● What you are asked to do: Make the copy match the entries below exactly, with no pictures carried over.

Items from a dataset

========

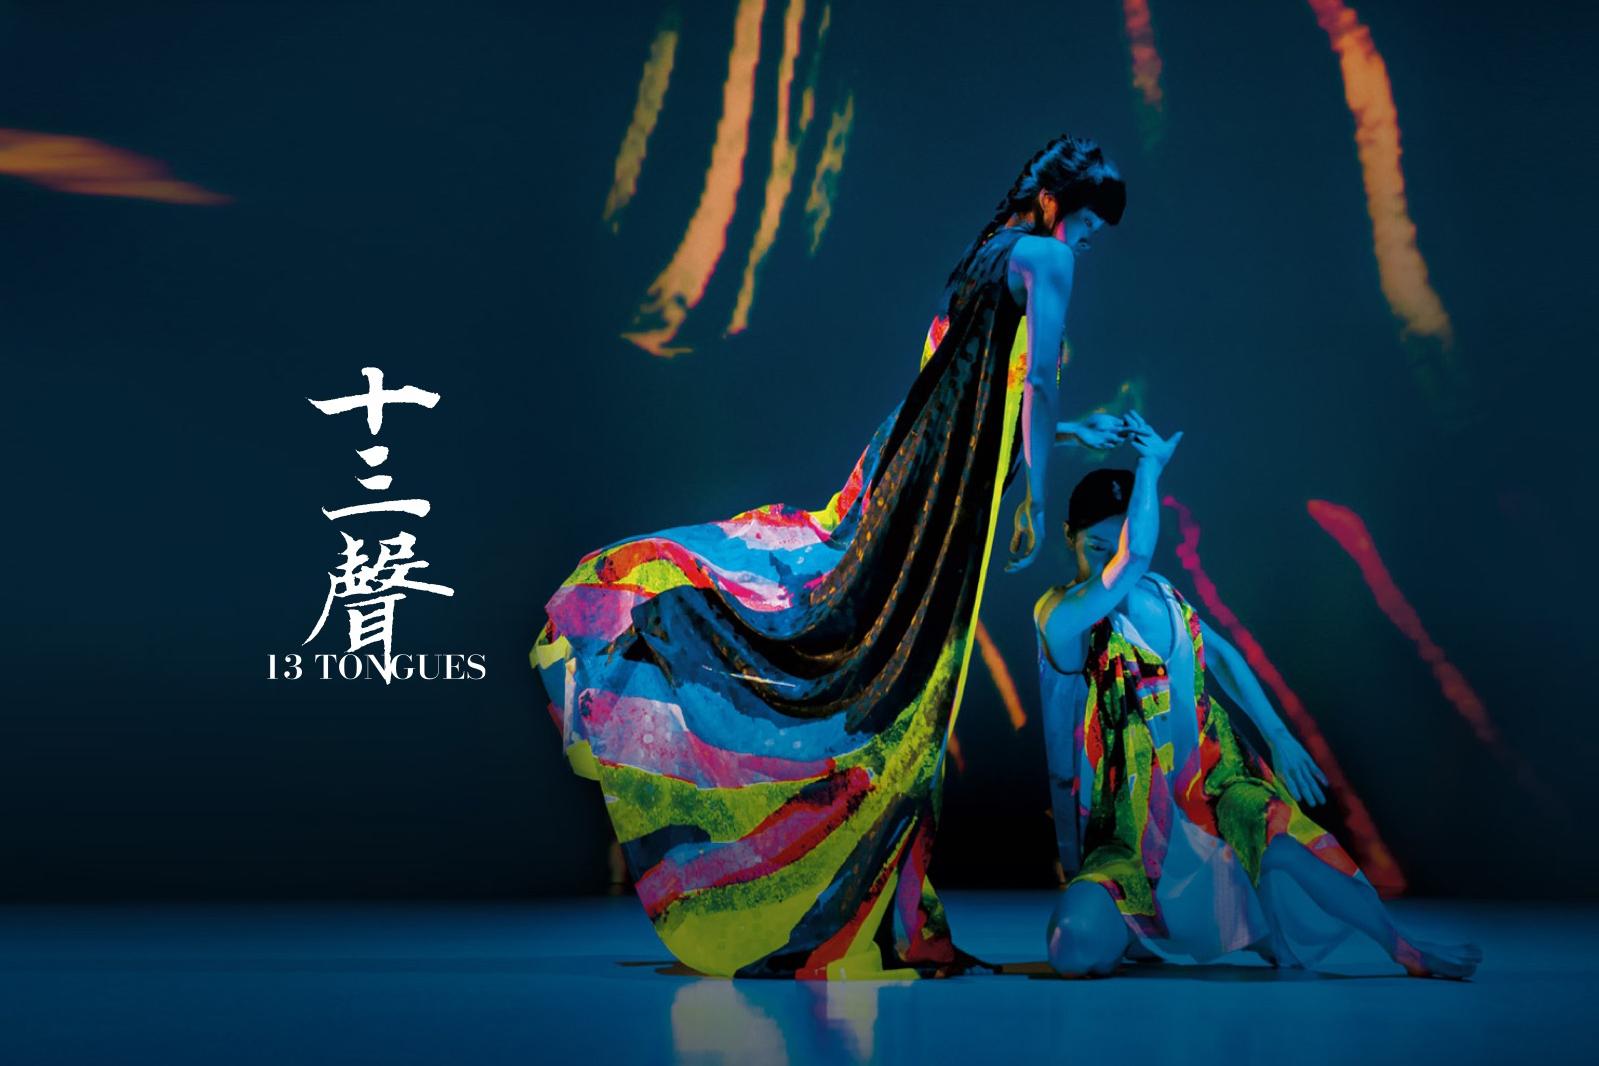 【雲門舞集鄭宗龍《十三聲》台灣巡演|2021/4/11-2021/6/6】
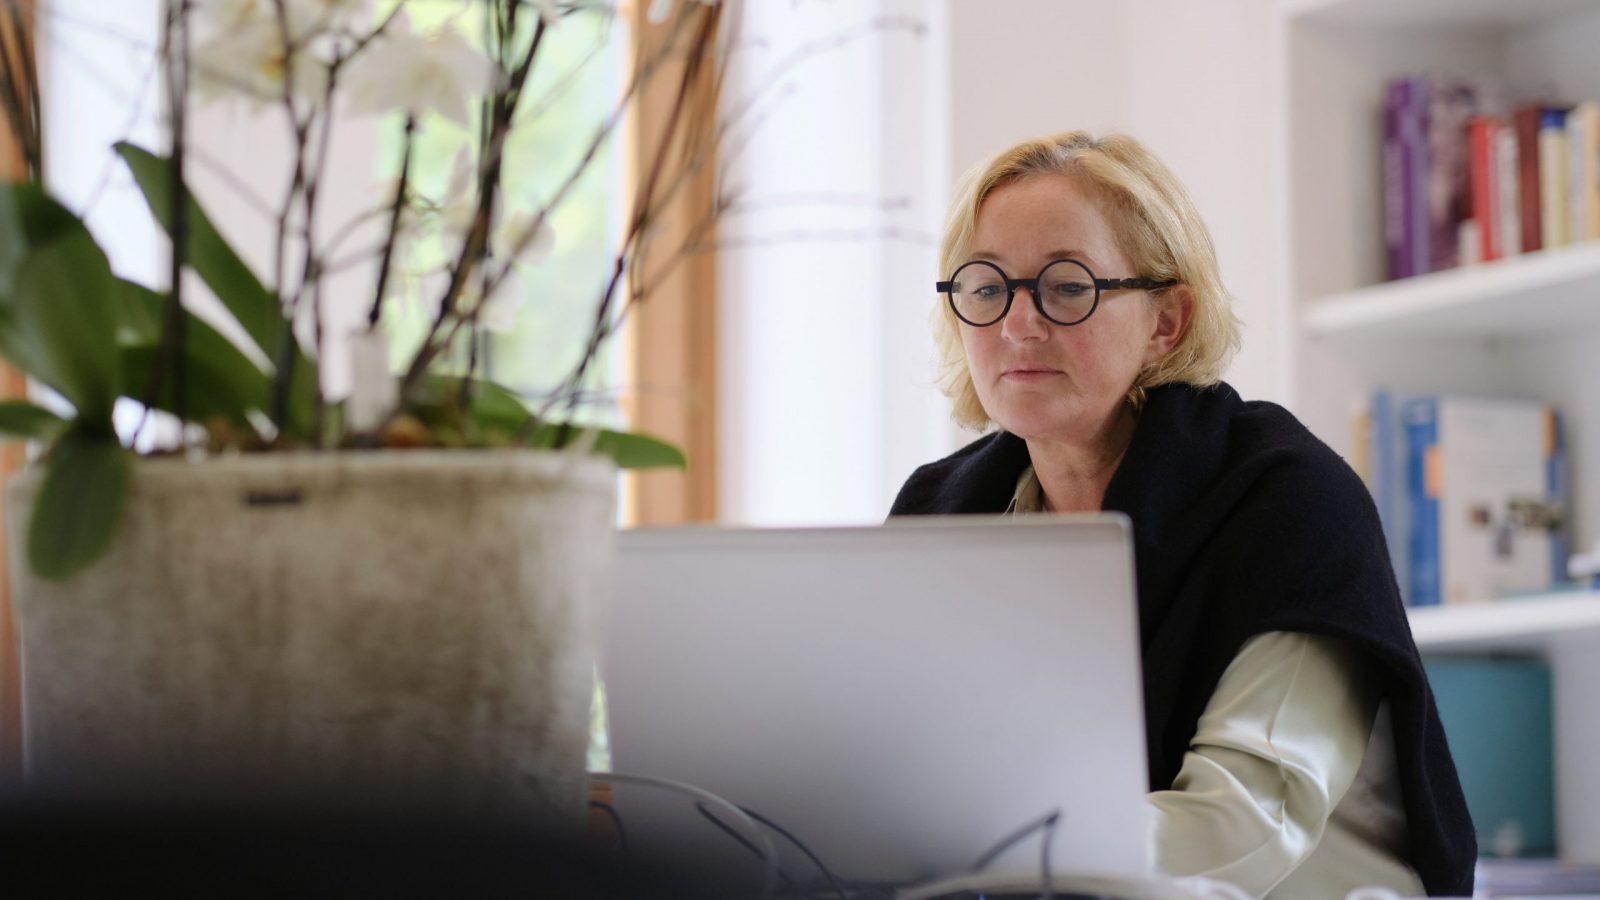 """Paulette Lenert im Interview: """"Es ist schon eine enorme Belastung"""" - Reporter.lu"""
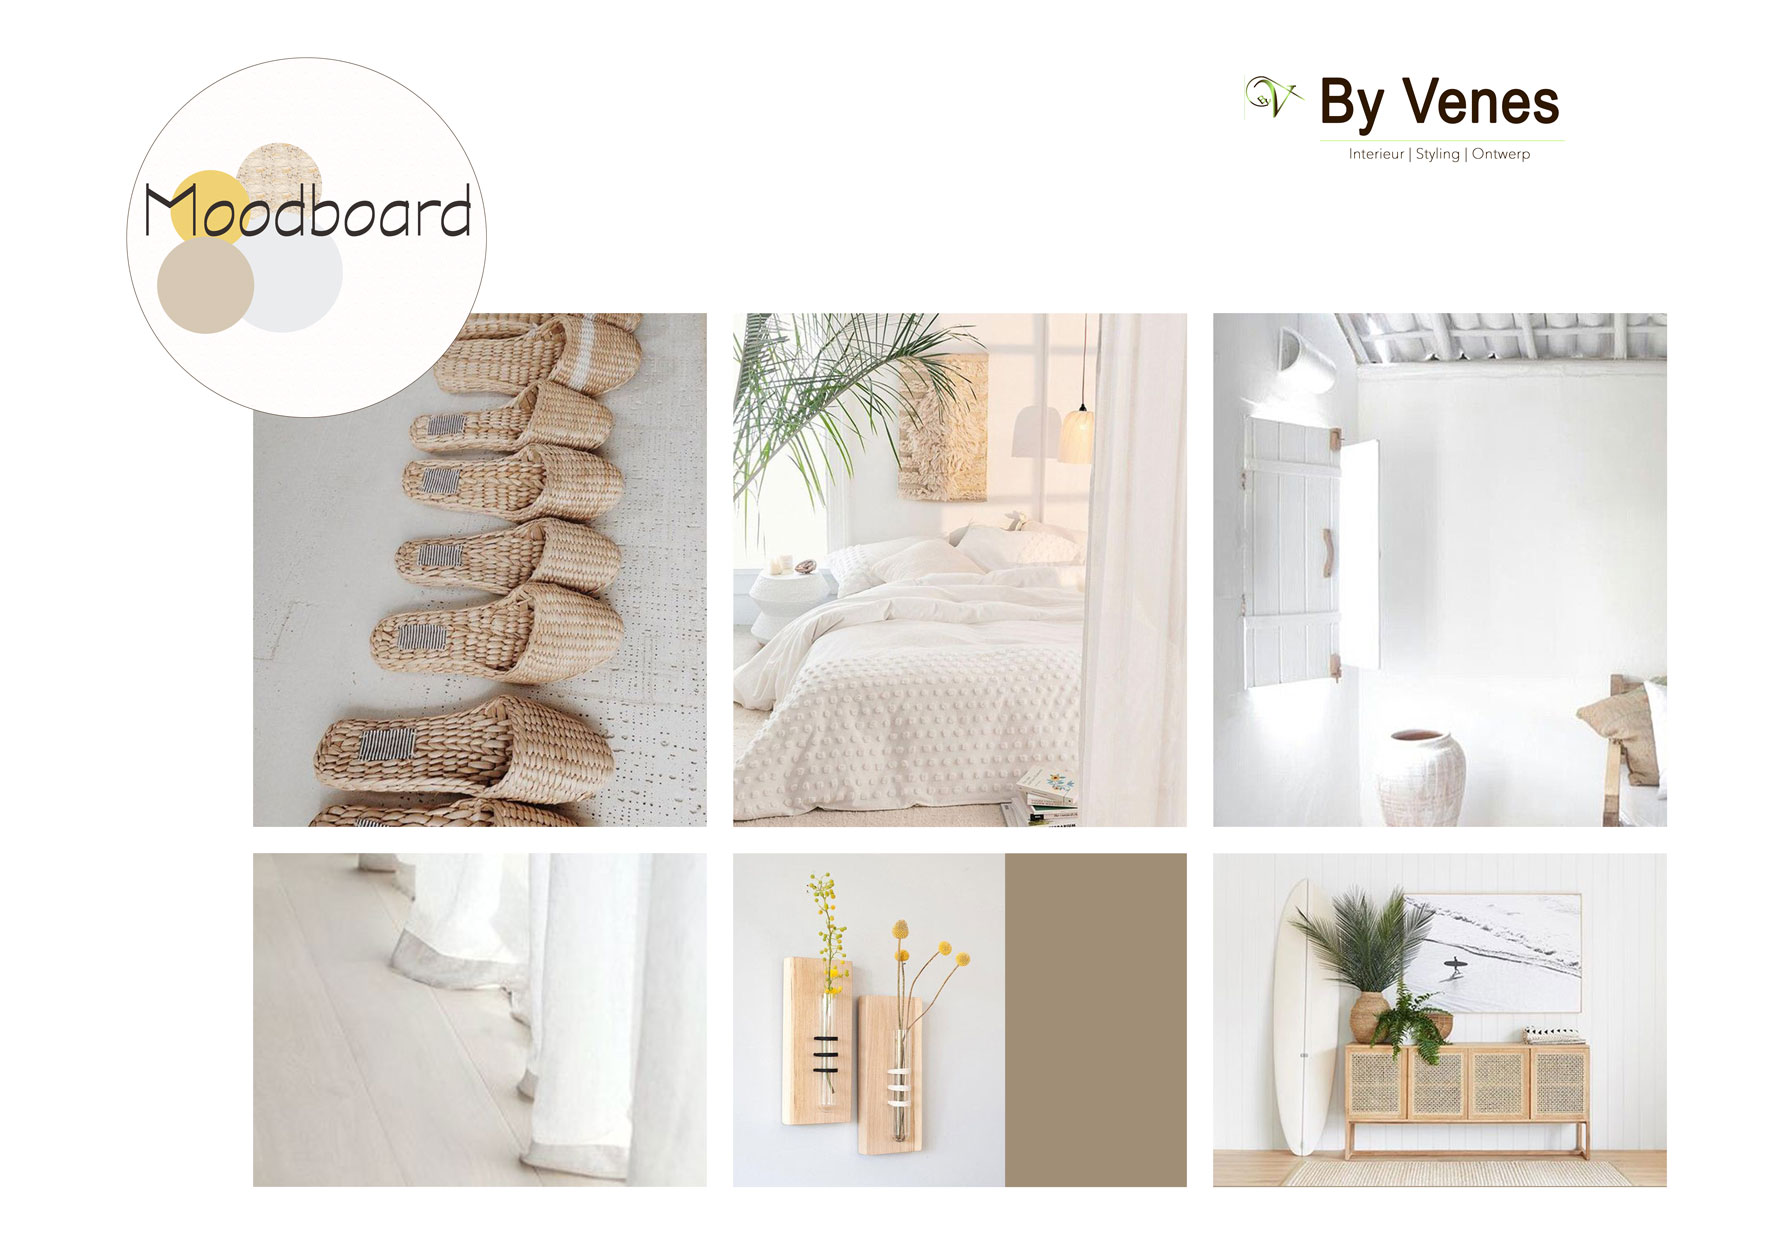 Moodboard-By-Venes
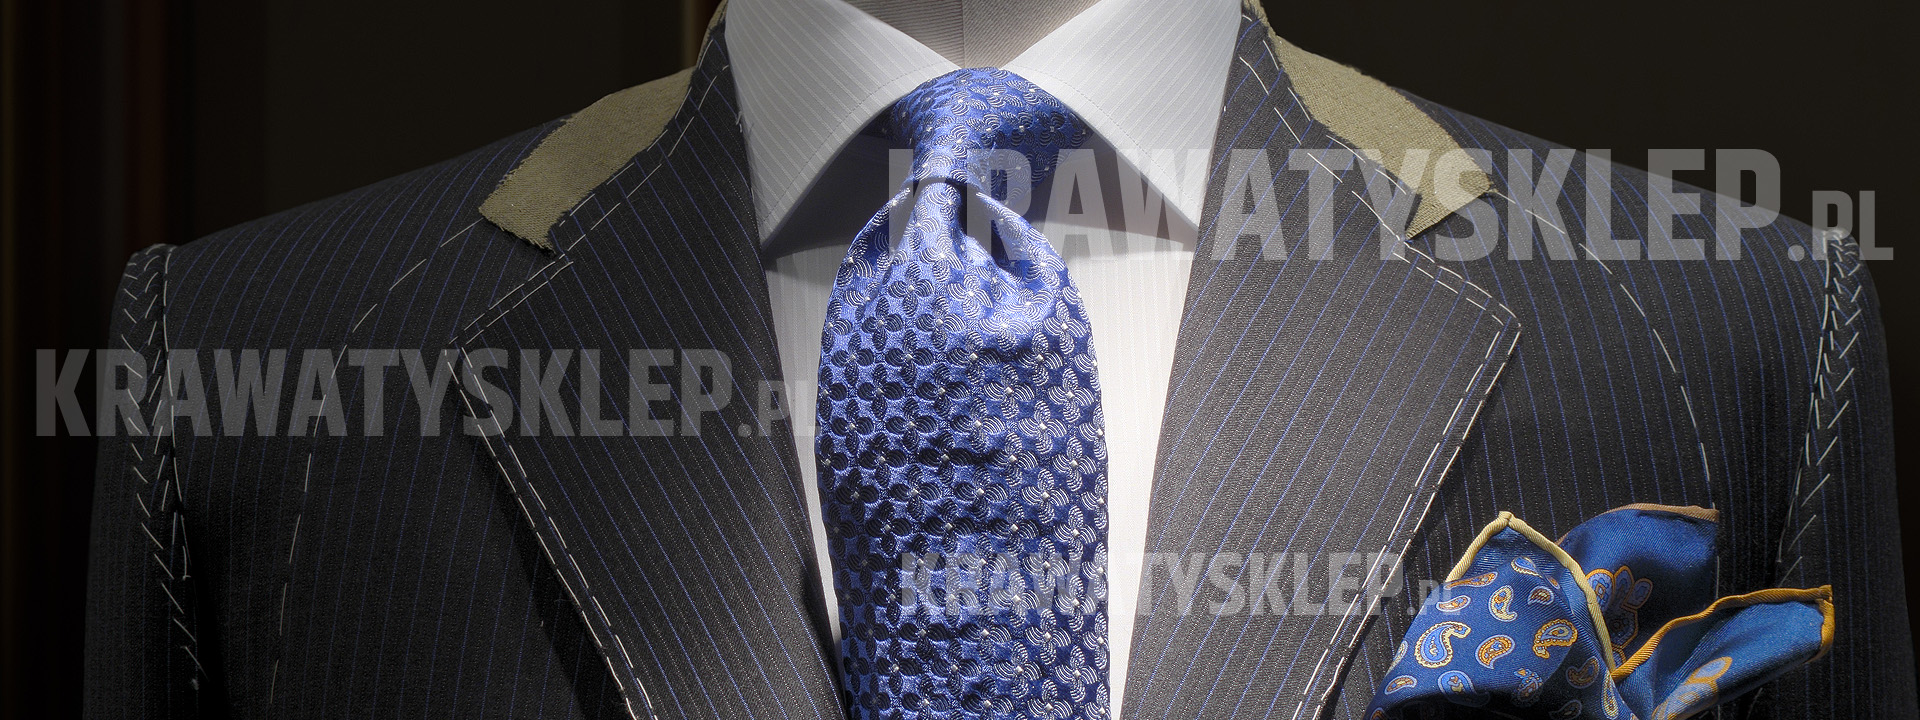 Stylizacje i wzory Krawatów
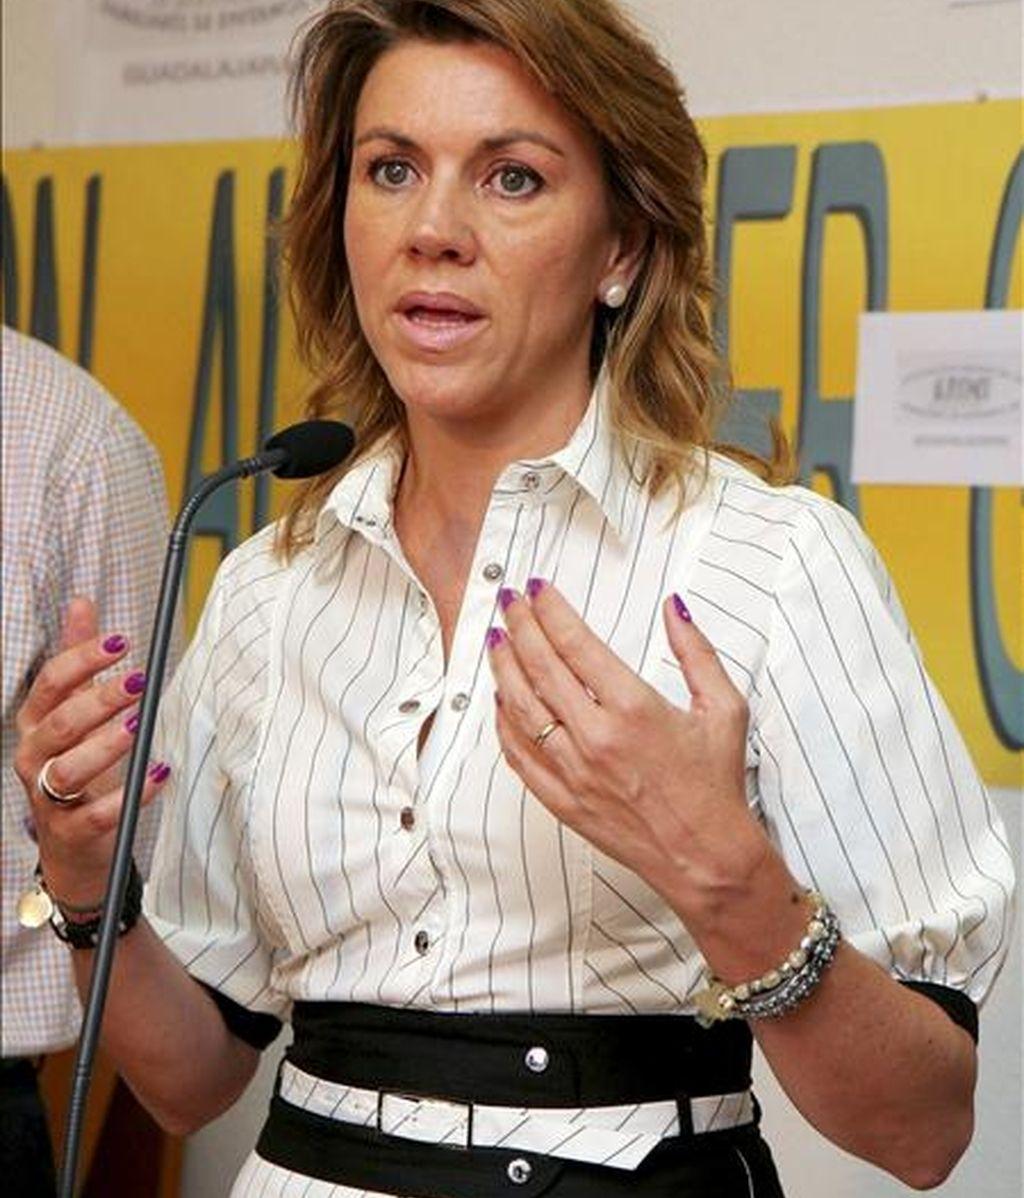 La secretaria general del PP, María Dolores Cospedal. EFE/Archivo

========

● Task output:
 【雲門舞集鄭宗龍《十三聲》台灣巡演|2021/4/11-2021/6/6】
 """Paulette Lenert im Interview: """"Es ist schon eine enorme Belastung"""" - Reporter.lu"""
 Moodboard-By-Venes
 Stylizacje i wzory Krawatów
 La secretaria general del PP, María Dolores Cospedal. EFE/Archivo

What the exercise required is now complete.